При этом Барон, не изменяя своему амплуа, изобразил печаль неразделенной любви.
– Пусть заходит, – крикнула Шнурикова мне вслед, – на огонек…
Дверь в квартиру была не заперта, Юра сидел за столом и сооружал себе бутерброд с маслом и сыром. Увидев меня в прихожей, он опустил глаза и стал ковырять ножом подтаявший кусок масла. Затем он, как обычно, с выражением засопел, широко раздувая ноздри и, наконец, сказал:
– Извини. Сам не знаю, как так получилось.
Я ничего не ответила. Прошла на кухню, забрала у него масло и засунула в холодильник.
– У тебя правый ботинок каши просит, – сказал Юра у меня за спиной.
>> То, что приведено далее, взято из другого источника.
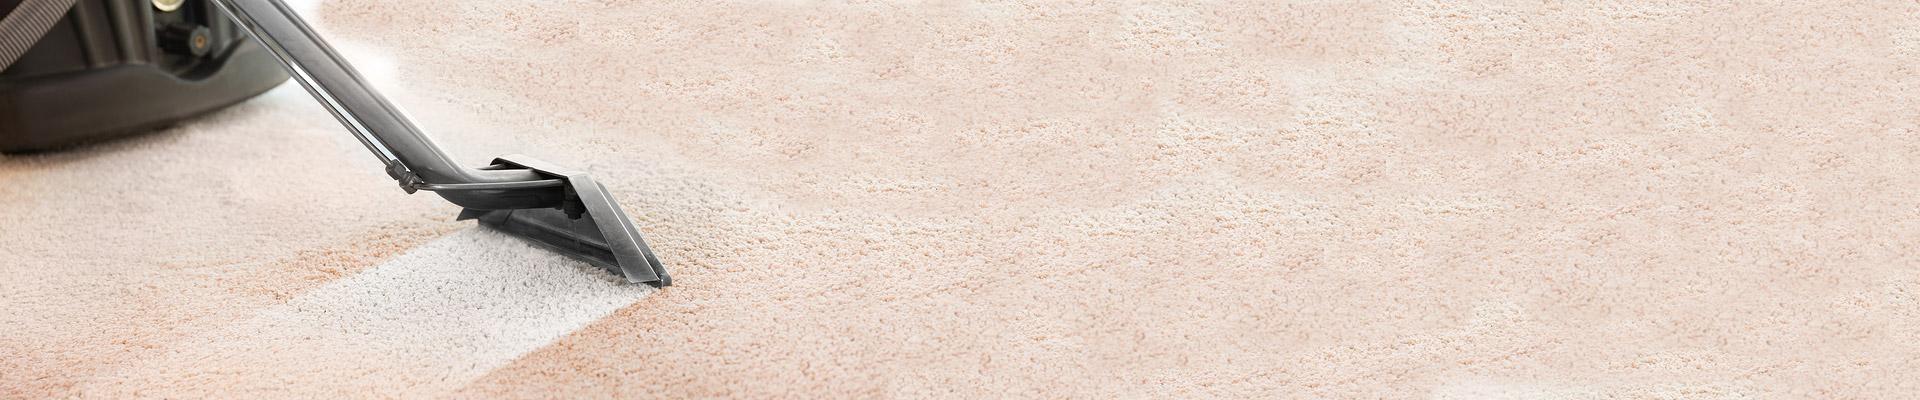 homepage-slide-carpetcleaners-nearme.jpg
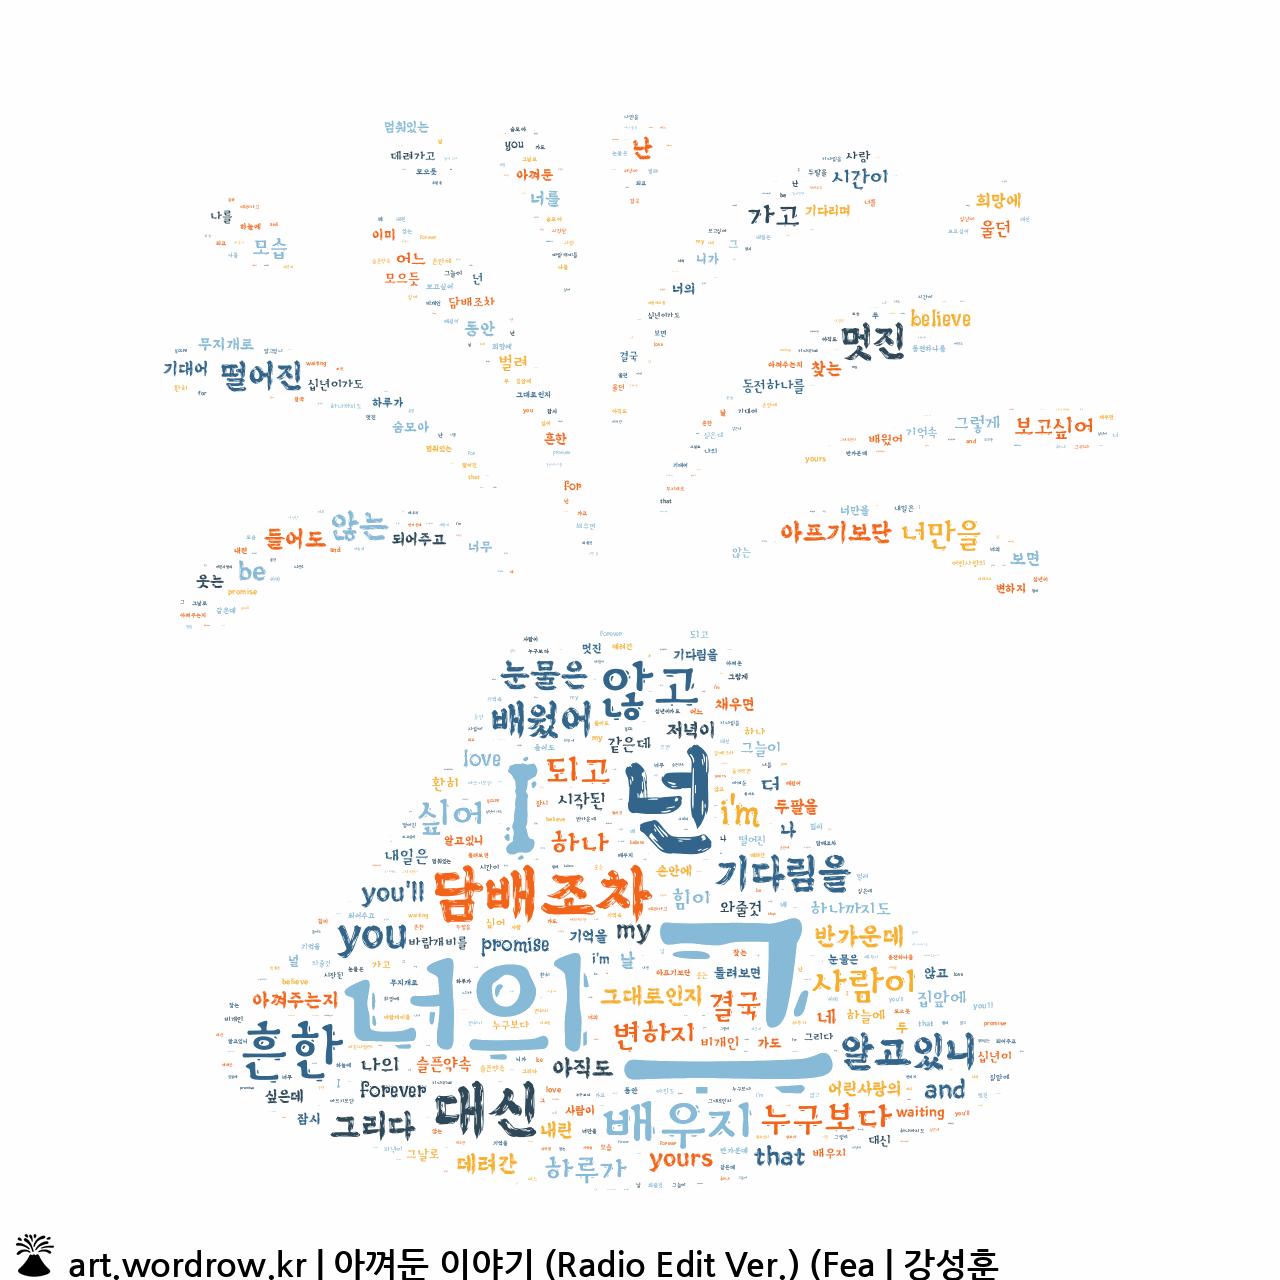 워드 클라우드: 아껴둔 이야기 (Radio Edit Ver.) (Feat. The Edition) [강성훈]-25

– Ты тоже, скажу, далеко не франт, – откликнулась я, рассматривая свою изношенную обувь, – у тебя джинсы на сахарнице светятся.
– Ты, случайно, молока не купила? И масло почти кончилось…
– А скоро его совсем не будет, – завелась я, – если ты будешь продолжать в том же духе. Ты сегодня ходил на биржу?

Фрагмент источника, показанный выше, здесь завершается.